215 N.W. 967, 204 Iowa 683
CourtSupreme Court of Iowa
DecidedNovember 15, 1927
StatusPublished
Cited by15 cases

This text of 215 N.W. 967 (City of Des Moines v. Horrabin) is published on Counsel Stack Legal Research, covering Supreme Court of Iowa primary law. Counsel Stack provides free access to over 12 million legal documents including statutes, case law, regulations, and constitutions.

Bluebook
City of Des Moines v. Horrabin, 215 N.W. 967, 204 Iowa 683 (iowa 1927).

Opinion

De Graff, J.

This suit involves the right of the city of Des Moines to recover moneys which it is alleged were wrongfully paid by said city from the general fund to the defendant, *684 a contractor, in excess of the contract price for paving improvements under the special assessment plan. The facts are not in dispute.

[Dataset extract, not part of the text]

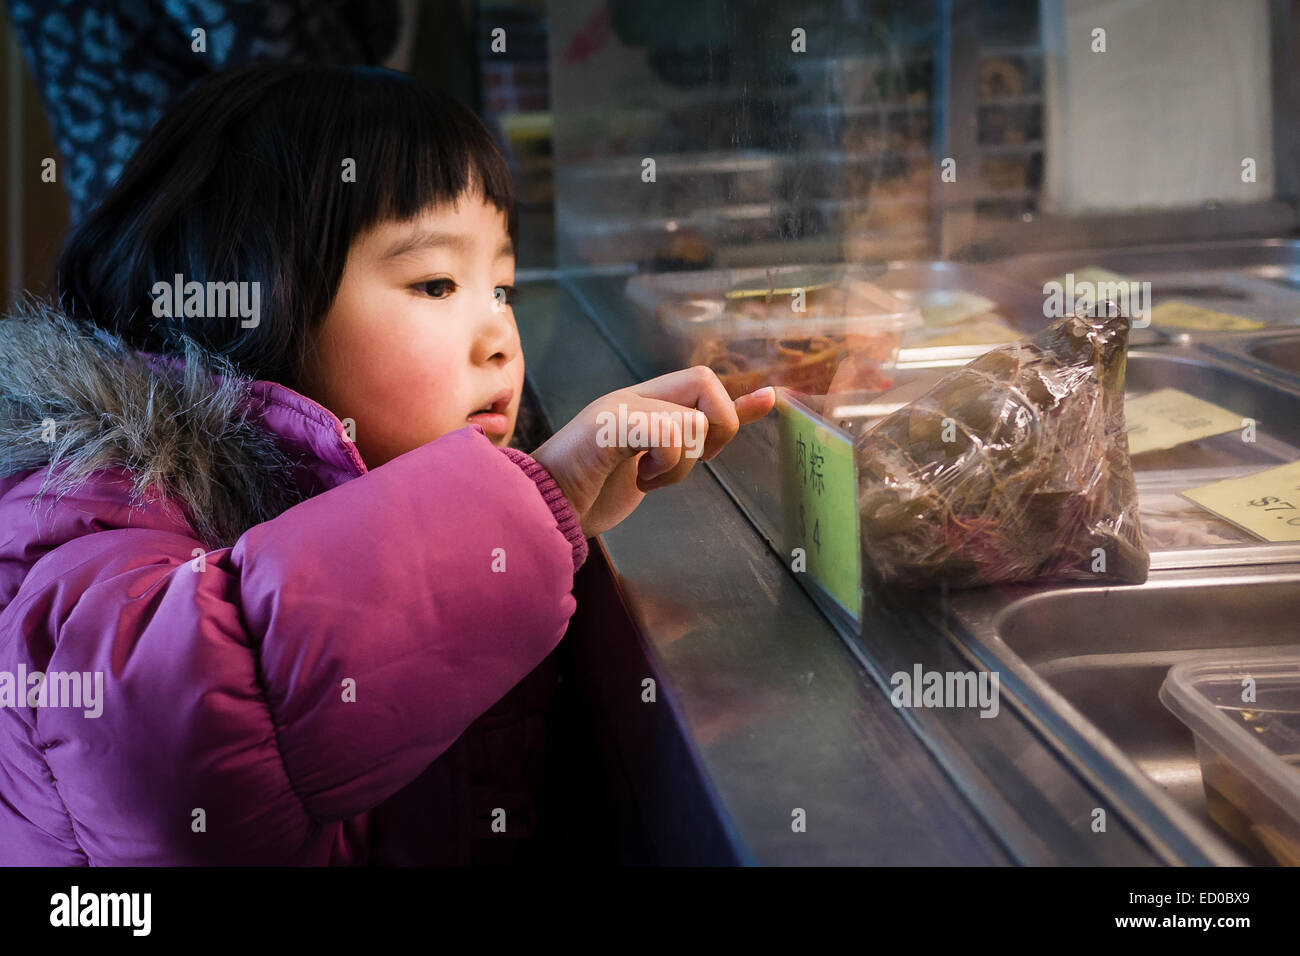 Mädchen mit rosa Jacke Blick auf display Stockbild

It appears that, on May 28, 1917, the defendant entered into a written contract with the city of Des Moines for the paving of Ingersoll Avenue from Seventeenth Street to Twenty-eighth Street. No question arises as to the regularity or the legality of the letting of this contract. It is unchallenged that there was no attempted performance of the contract until after May 24, 1919. The terminal date for • completion of the work was fixed by the contract “on or before the 15th day of July, 1917, unless otherwise provided in writing signed by the mayor and approved by the city council of the city of Des Moines.”

There is no dispute in the record as to the cause on the part of the contractor in failing to commence the performance of the work contemplated by the contract prior to the time he commenced its performance. It is admitted that it was the duty of the city to reduce Ingersoll Avenue to grade before the pavement was laid, and it is shown that the city did not so do until late in the fall of 1918. It is also shown that the city had contracts with other contractors to curb and gutter this street, and that, before the defendant could perform his contract, the curbing and guttering must be completed, and that the latter work could not be done until the city had completed the grading. The curbing and guttering were not completed until July, 1919.

It is further shown that this part of Ingersoll Avenue had thereon a double street-car track, which had to be brought to grade by the city railway company. This work could not be performed until the city reduced the street to grade, nor could the pavement under the original contract with the instant defendant be constructed until the street-car tracks were placed on a permanent grade, which was not done until the summer of 1919. These were the impediments to the performance of the work by the defendant-contractor, and were matters entirely outside the jurisdiction of the defendant-contractor. It was the failure of the city to do the grading which caused the delay of the contractor in the instant matter. He was in no wise at fault.

It is conceded that, during the period of two years from May, 1917, to May, 1919, the defendant-contractor stood ready *685 to perform this contract, but had been prevented by reason of the conditions hereinbefore stated. In May, 1919, the city asked the contractor to proceed with the work, but he refused, on the ground that he was not further legally bound, under the contract of May 28, 1917, and that the city had prevented performance, and could not now compel it. The city admitted, at that time, that the claimed right of the contractor was well based, and, in substance, conceded that the contract was voidable at the option of the contractor, and that he had a valid reason for refusing to perform the same.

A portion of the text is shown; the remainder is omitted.